Other people find it easier the other way around, so look at all the answers and see which approach works for you personally.


A spherical shell of photons

Imagine a point light source. Picture an instant where it emits a million photons spread evenly in all directions. At that instant, they are all in the same position, at the central point. A moment later, they have all moved the same distance and are now arranged in a small sphere with the point at its centre. A short time later they are still arranged in a sphere, but now a much larger sphere.

As the sphere expands it always has the same number of photons, but they are spread out over the increasing area. Each photon has the same amount of energy it had when it first left the point source, but the photons are more spread out so a given area of the sphere now has less energy due to having fewer photons.

When a photon hits a surface, it adds the same amount of energy whether it has traveled 1 metre or 100 metres. The reason the surface looks dimmer when it is further from the light source is that the photons are more spread out across that surface.

Source to eye ray tracing

If you wrote a ray tracer that started with rays being emitted from a point light source, and then followed them to see what they hit, you wouldn't need the $1/r^2$ term. Objects further from the light would naturally be hit by fewer rays due to the rays spreading out.

Eye to source ray tracing

Most ray tracers don't start the rays from the light source, as this results in calculating the paths of all the rays that never reach the eye, which is very inefficient. Instead the rays start at the eye and are traced backwards, to see what surface they came from. If the ray was then bounced from that surface in a random direction to see if it hits the point light source, the fact that the light source is a point would make the probability of hitting it zero. So instead $1/r^2$ is used to give a measure of how many rays hit the surface.

Geometry of a point source

This isn't a property of light, it is a property of a point source. Light traveling in all directions from a point forms spherical shells of photons, and the surface area of a sphere increases in proportion to the radius squared.

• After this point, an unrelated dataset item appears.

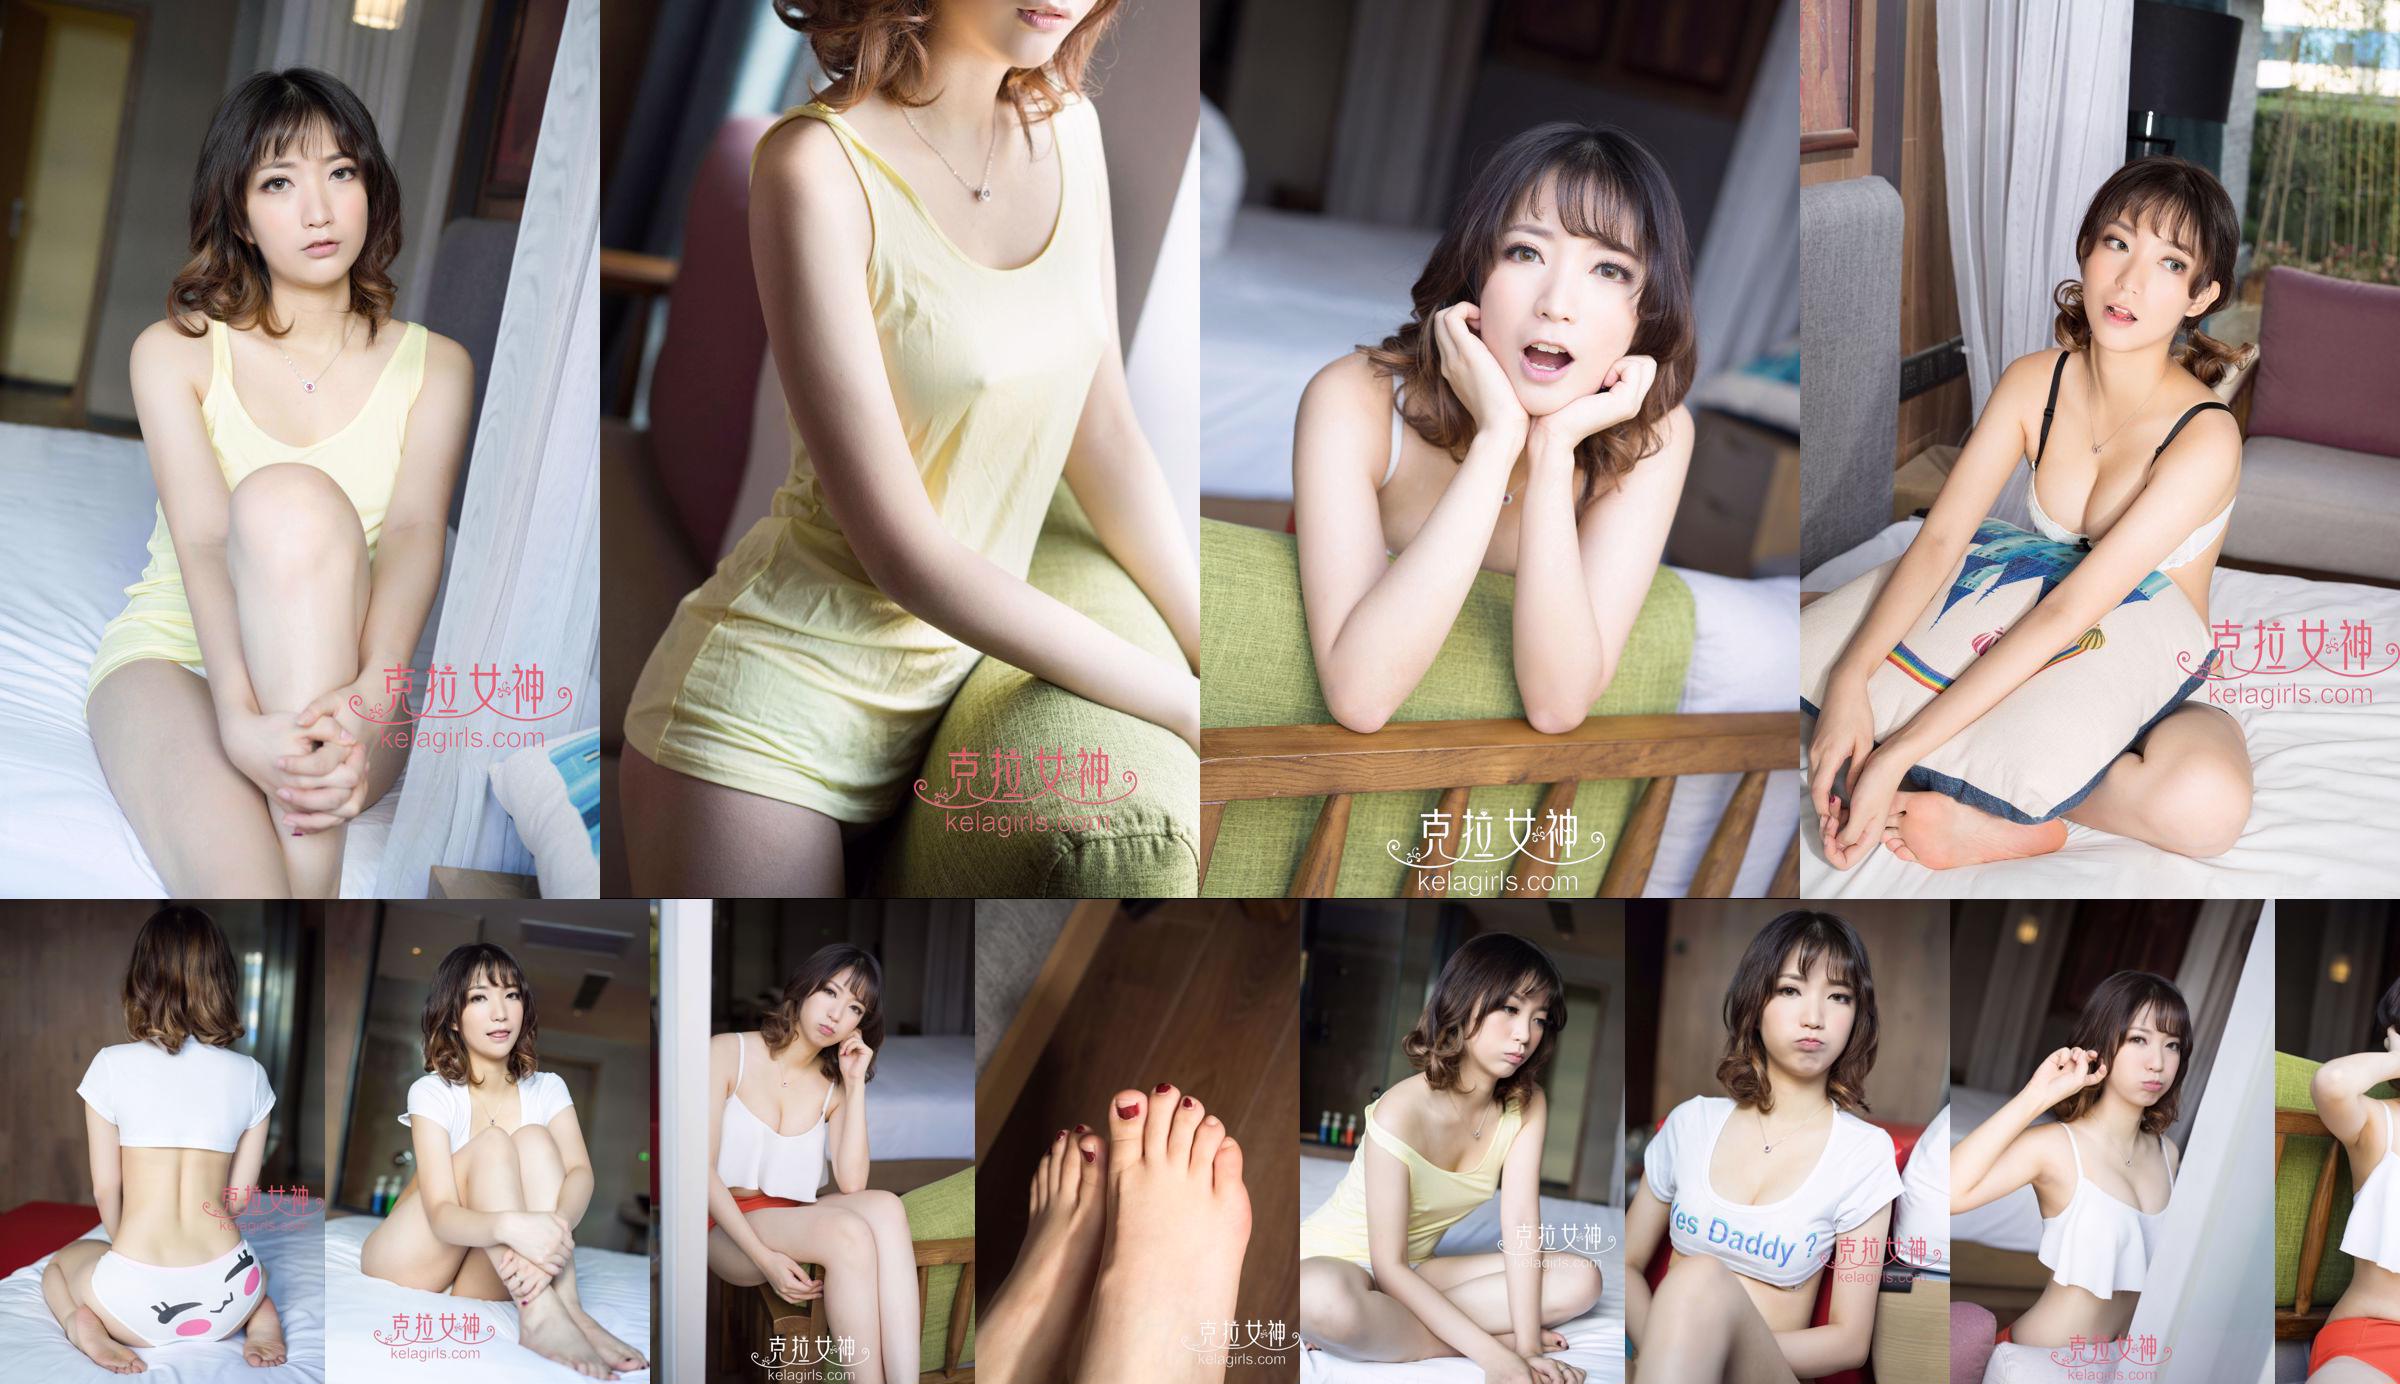 [丽柜Ligui] Network Beauty Model Nana No.54f8af Page 5

If you had light being emitted that was not in all directions then the rule would be different. For example, imagine a line light source instead of a point, with all the light being emitted radially (only in directions perpendicular to the line). Now the light forms cylindrical shells of photons, and the surface area of a cylinder increases in proportion to the radius, not the radius squared. Now you would use a $1/r$ term instead of a $1/r^2$ term, and an object would need to be moved significantly further from the light source before seeing a noticeable drop in brightness.

In reality, nearly every light source is equivalent to a collection of point sources - every point on an area light source emits light in all directions. Even cylindrical lights like flourescent strip lights and neon signs still emit light in all directions, so the photons form spherical shells rather than cylindrical ones. So the reduction in light level will nearly always be with $1/r^2$.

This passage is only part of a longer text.